What is the performance of the pipeline without gpublurpure plugin?

As you can see, I am not measuring the entire pipeline delay. I am just measuring this line. Applying a filter on GPU mat.

My question is that why it is about 5 times slower when I do this in a deepstream plugin.

We don’t know what happened inside the code, it is implemented by you.

The code is an exactly copy of gstdsexample.cpp in the SDK. The only thing that I have added is the GpuMat section where I read the frame from the buffer (with EglImage) and blur it. I have provided the code for this part in my original post. I implemented this part according to Nvidia’s suggestion here.

All I am asking is that why the blurring is being done so slow! It is supposed to be done in GPU (since we have a GpuMat). But, it is 5 times slower than it should be!

Please run sudo nvpmodel -m 0 and sudo jetson_clocks. The commands are to run GPU at max clock and should bring performance improvement.

Thank you DaneLLL. I will definitely try these.
But on a normal code outside deepstream framework, where I read an image, upload it into GpuMat, and then blurred it, the blur part runs 5 times faster, compared to when I do the same blurring on GpuMat from EGL in deepstream.
I searched for any documentation of how exactly does the EGL part give the GpuMat. Does it, for instance, map a memory address for GPU?
Since this GpuMat extraction is the core of the applications I am about to develop, I really need to know where does this overhead from EGL come from.

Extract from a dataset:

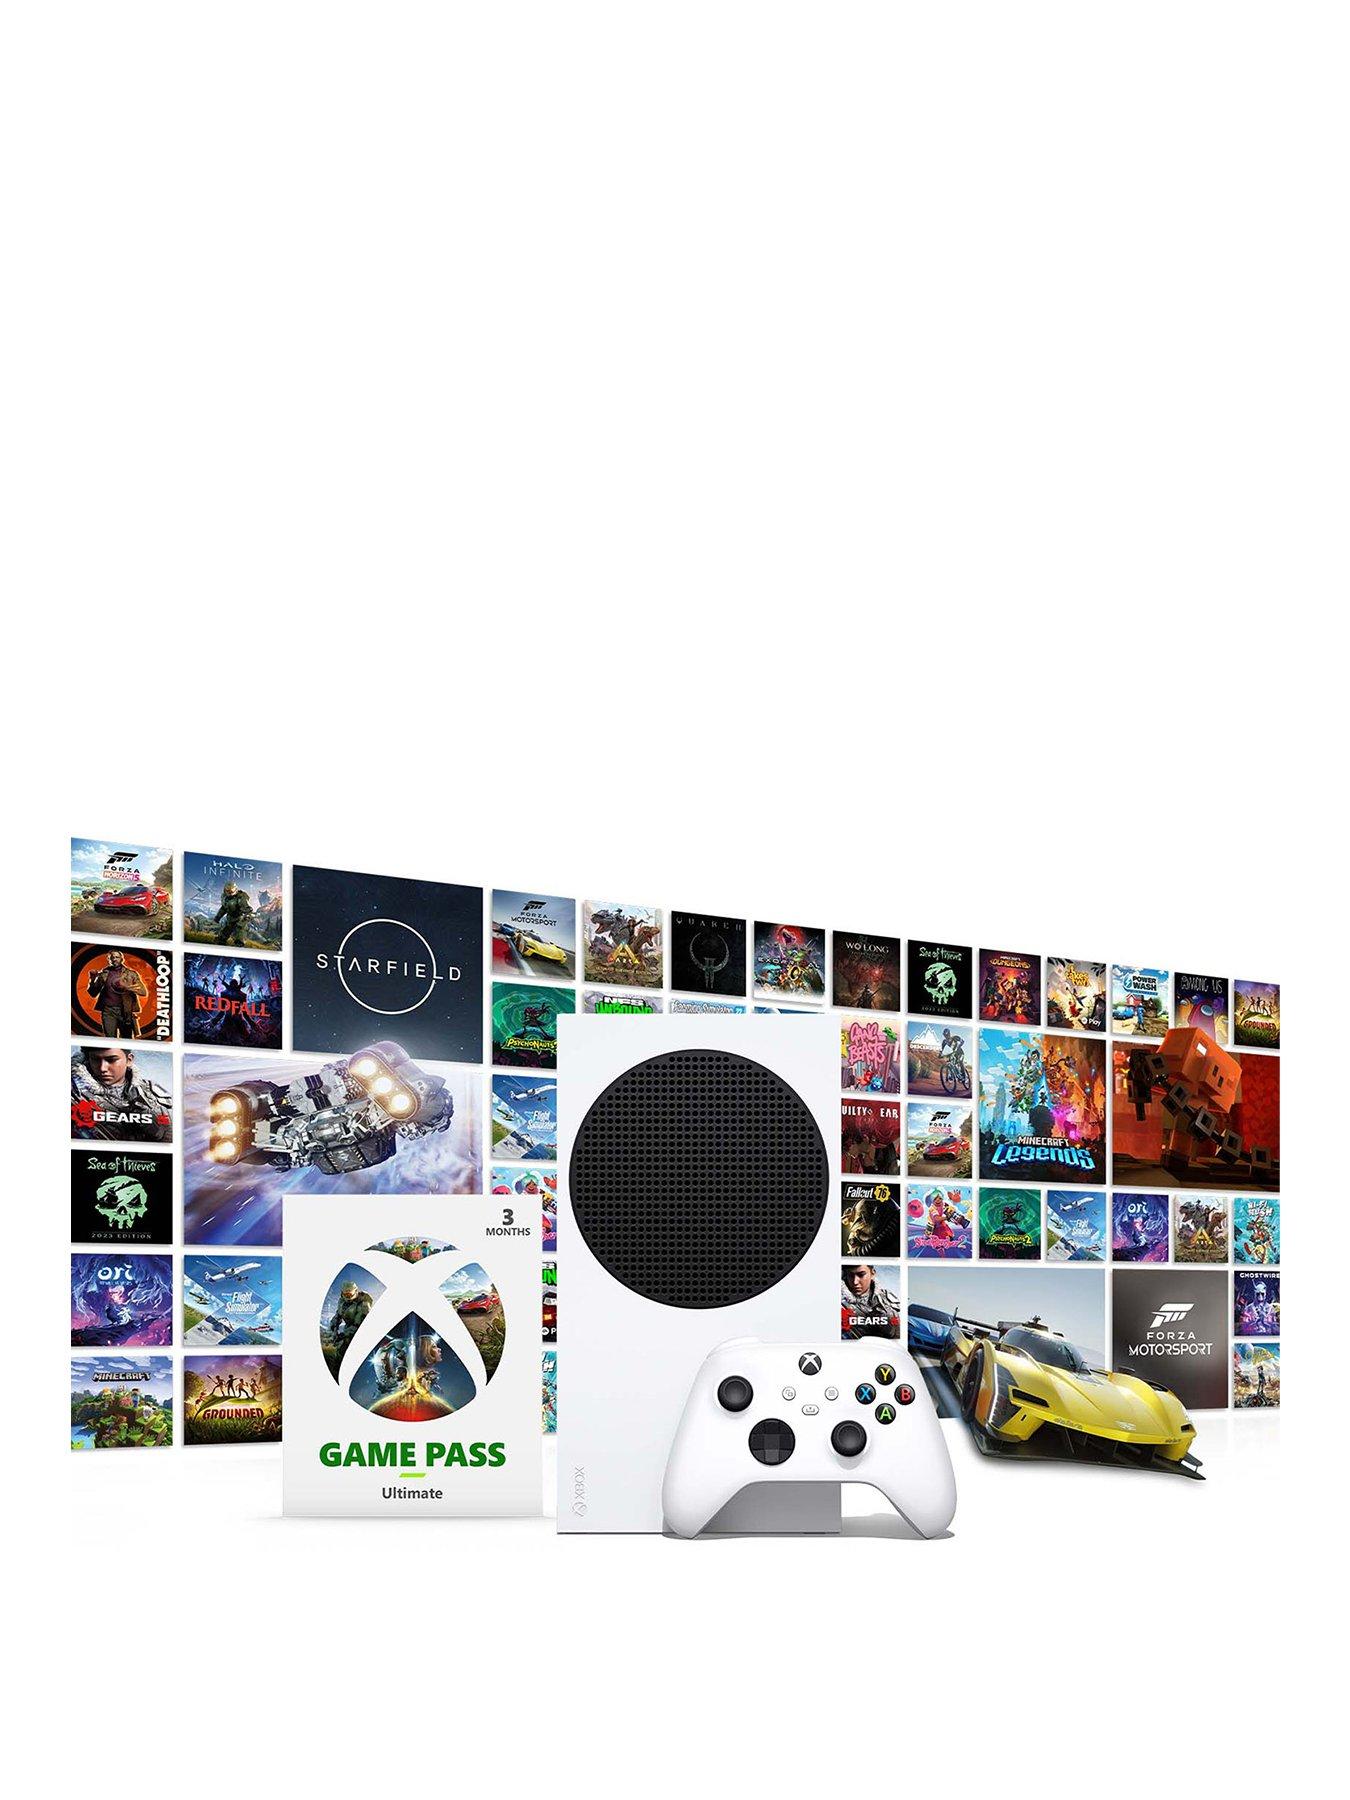 Xbox One S Roblox bundle now available - Gaming Age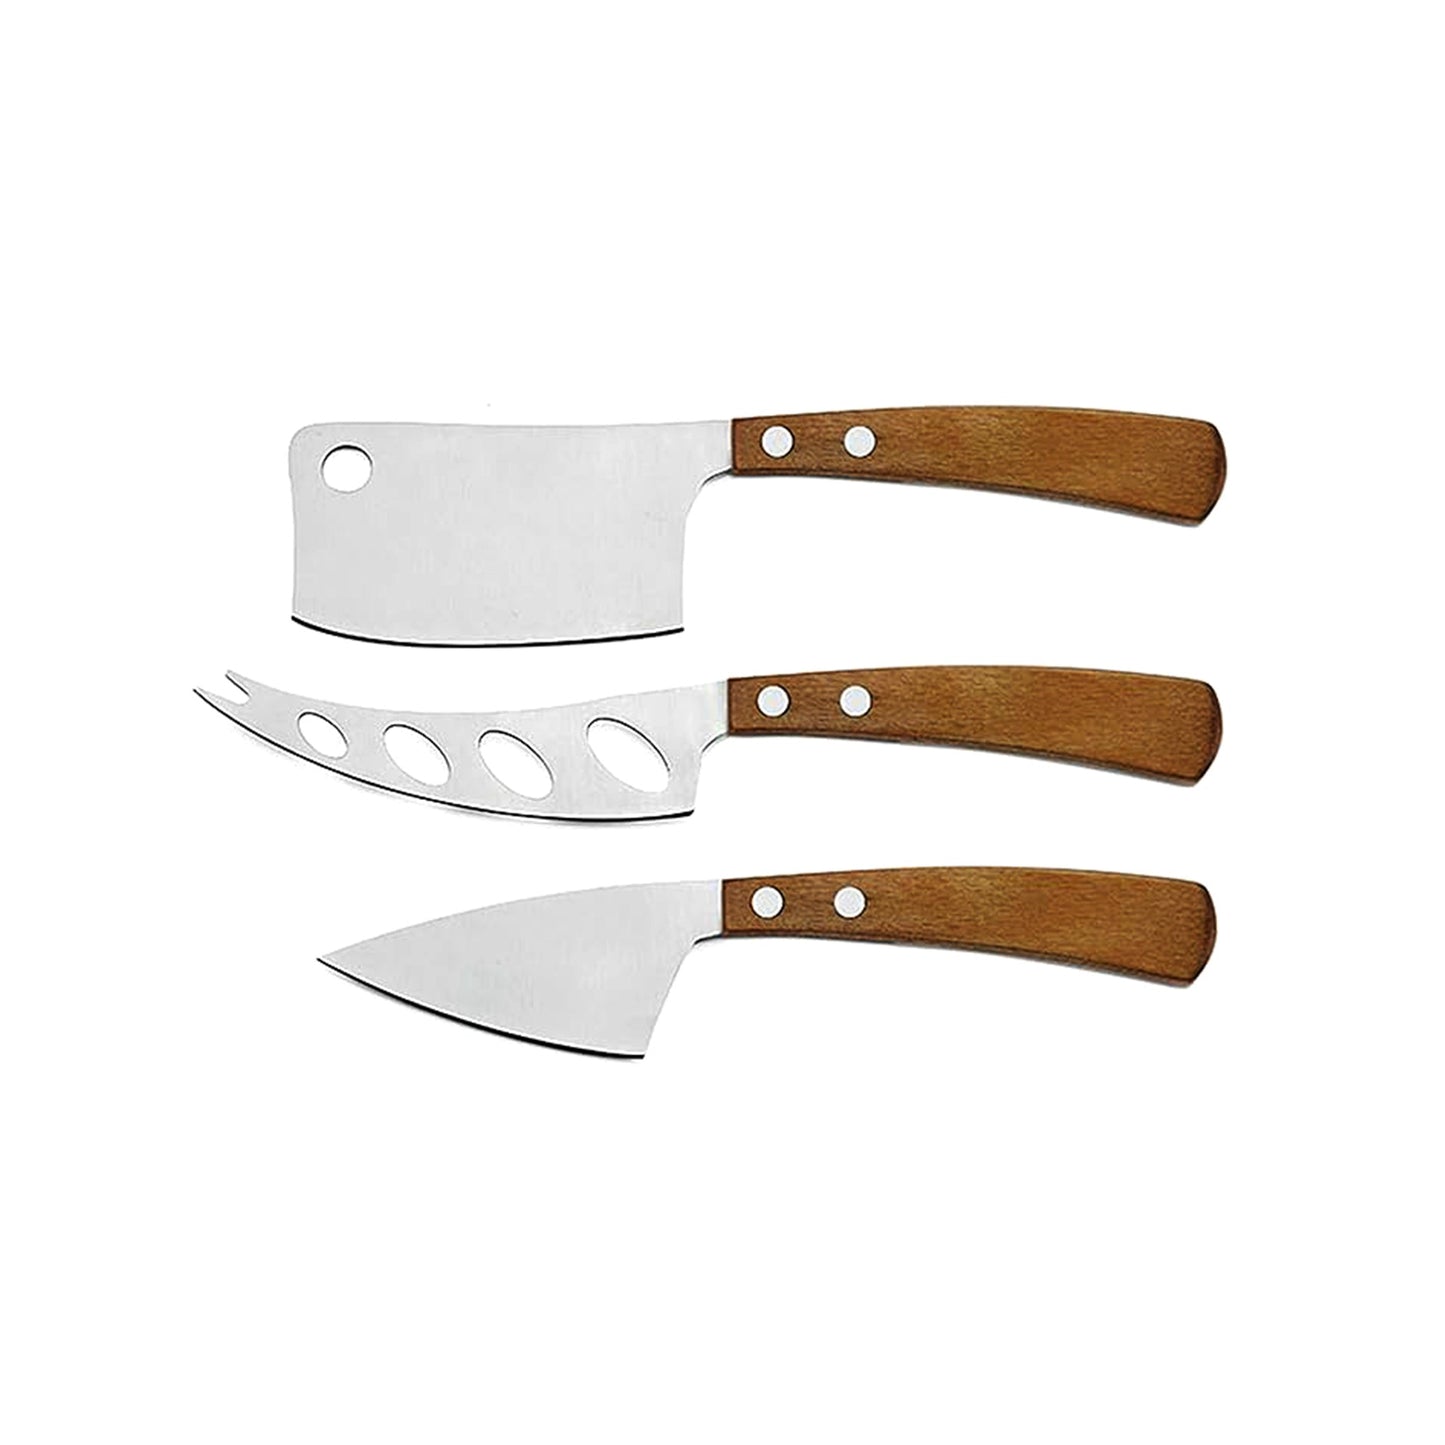 3-Piece Cheese Knife Set with Wooden Handles by Creative Gifts

Please check if you put blur_frame() in this for loop:

    for (l_frame = batch_meta->frame_meta_list; l_frame != NULL;
      l_frame = l_frame->next)

This is executed per detected object number. So one frame may be done for multiple times. If you put the function in the for loop, please move it out to do only one time for each frame.